Я так начинаю сердиться на дядюшку, таким кошусь на него глазом, что даже отец изумленно глянул на меня. А дядюшка Владимир дальше прял свою пряжу, как паук паутину, жалел нас, желал счастья и все расхваливал те края, где люди не имеют затруднения с землей.

— Там середняку нарезают даже по двадцать — двадцать пять десятин, а здесь тяжело сеять, когда незачем пахать.

— Чего бы вам, Владимир, не поехать туда? — отозвалась сквозь слезы мама.

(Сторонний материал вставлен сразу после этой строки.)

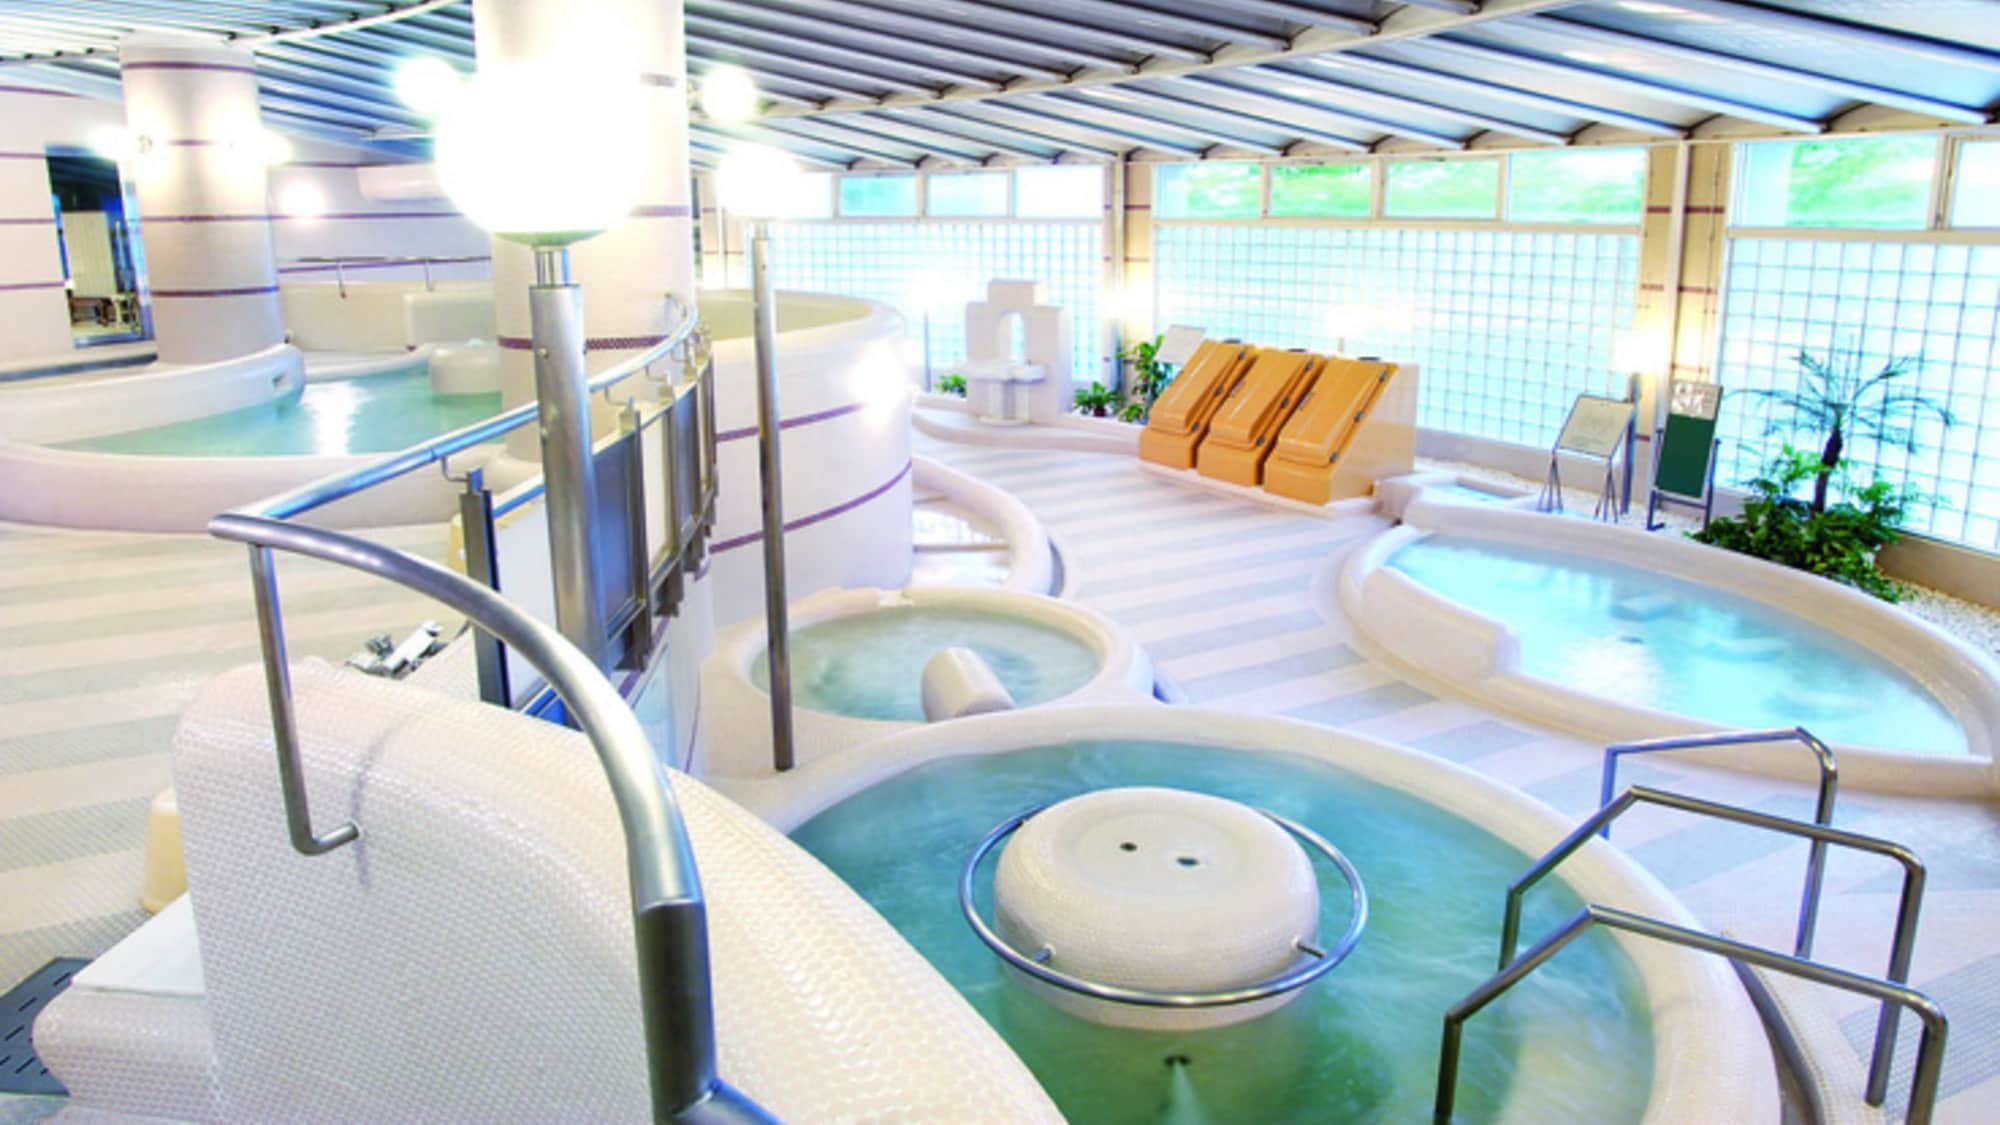 Anda dapat menikmati 5 jenis pemandian dan sauna di pemandian dalam ruangan.
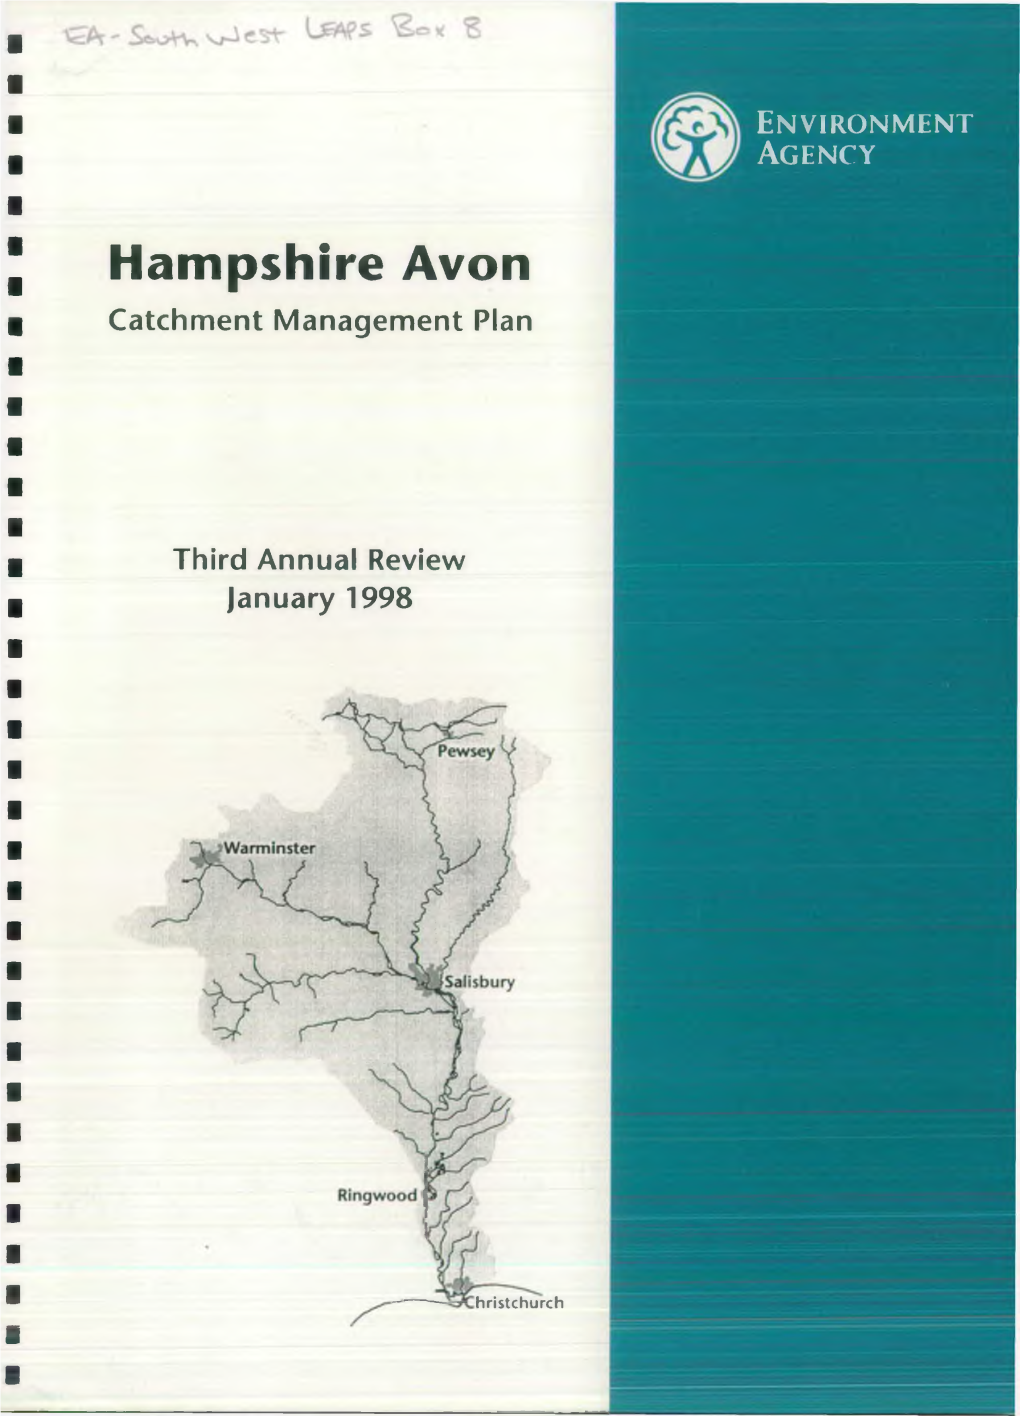 Hampshire Avon Catchment Management Plan

— Мне? — обалдел дядюшка. — Как это? И зачем это мне? Что мы — хуже людей! — но сразу же спохватился, что ляпнул лишнее. — Я, женщина добрая, уже и здесь приспособился к своим недостаткам, к своим десятинкам. Это не та роскошь, когда чернозем на сажень залегает, но без хлеба не оставит. Так будем сватами?

— Вы же говорили, что не имеете за душой ни копейки, — съязвил отец.

— Для вас вытрясу последнее, — расщедрился дядюшка. — Чего не дотрясу — одолжу, на чью–то белую бумагу всю душу заложу. Какую же цену правите за свою десятинку?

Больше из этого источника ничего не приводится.